# Fitting a Distribution to Data in R

rtip
distribution
Author

Steven P. Sanderson II, MPH

Published

November 2, 2023

# Introduction

The gamma distribution is a continuous probability distribution that is often used to model waiting times or other positively skewed data. It is a two-parameter distribution, where the shape parameter controls the skewness of the distribution and the scale parameter controls the spread of the distribution.

# Fitting a gamma distribution to a dataset in R

There are two main ways to fit a gamma distribution to a dataset in R:

1. Maximum likelihood estimation (MLE): This method estimates the parameters of the gamma distribution that are most likely to have produced the observed data.
2. Method of moments: This method estimates the parameters of the gamma distribution by equating the sample mean and variance to the theoretical mean and variance of the gamma distribution.

MLE is the more common and generally more reliable method of fitting a gamma distribution to a dataset. To fit a gamma distribution to a dataset using MLE, we can use the `fitdist()` function from the `fitdistrplus` package.

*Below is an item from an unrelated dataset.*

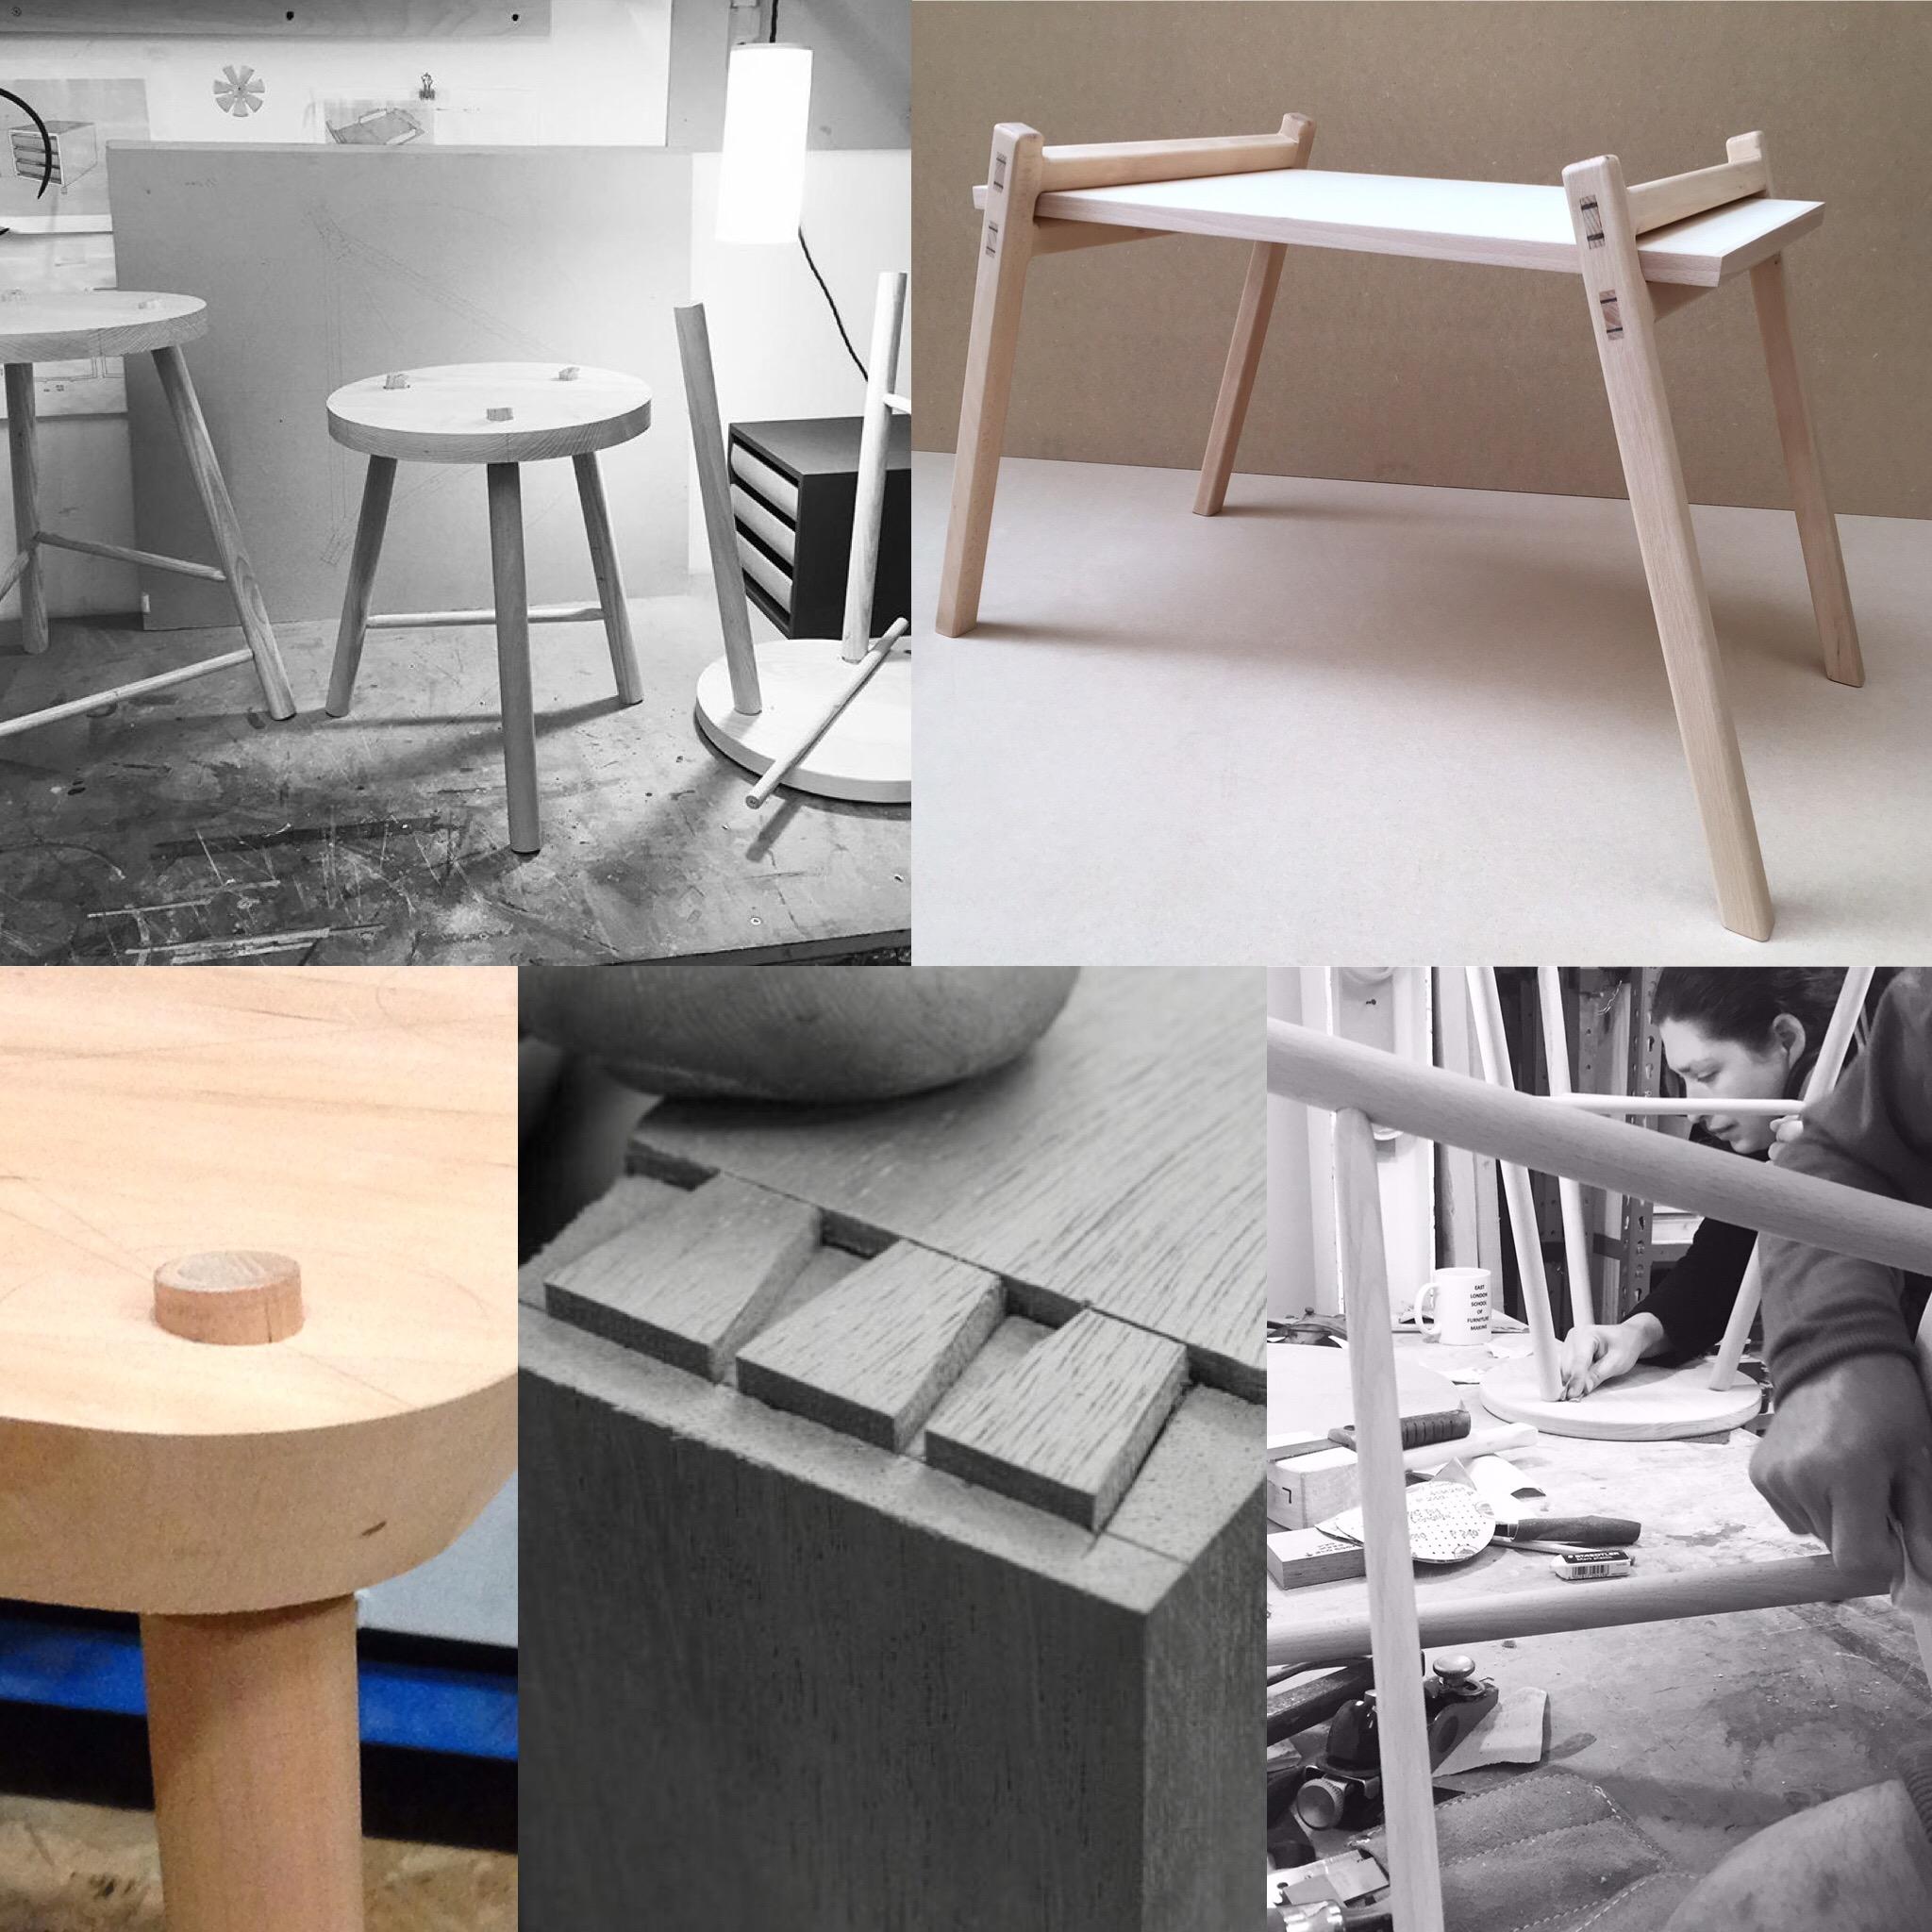 New School of furniture making

``````# Install the fitdistrplus package if necessary
#install.packages("fitdistrplus")

library(fitdistrplus)
library(TidyDensity)

set.seed(123)
data <- tidy_gamma(.n = 500)\$y

# Fit a gamma distribution to the data
fit <- fitdist(data, distr = "gamma", method = "mle")``````

The `fit` object contains the estimated parameters of the gamma distribution, as well as other information about the fit. We can access the estimated parameters using the `coef()` function. Now the `tidy_gamma()` function from the TidyDensity package comes with a default setting of a `.scale = 0.3` and `shape = 1`. The rate is `1/.scale`, so by default it is 3.33333

``````# Get the estimated parameters of the gamma distribution
coef(fit)``````
``````   shape     rate
1.031833 3.594773 ``````

Now let’s see how that compares to the built in TidyDensity function:

``util_gamma_param_estimate(data)\$parameter_tbl[1,c("shape","scale","shape_ratio")]``
``````# A tibble: 1 × 3
shape scale shape_ratio
<dbl> <dbl>       <dbl>
1 0.983 0.292        3.36``````

In the above, the `shape_ratio` is the `rate`

I encourage you to try fitting a gamma distribution to your own data. You can use the `fitdistrplus` package in R to fit a gamma distribution to any dataset. Once you have fitted a gamma distribution to your data, you can use the estimated parameters to generate random samples from the gamma distribution or to calculate the probability of observing a particular value.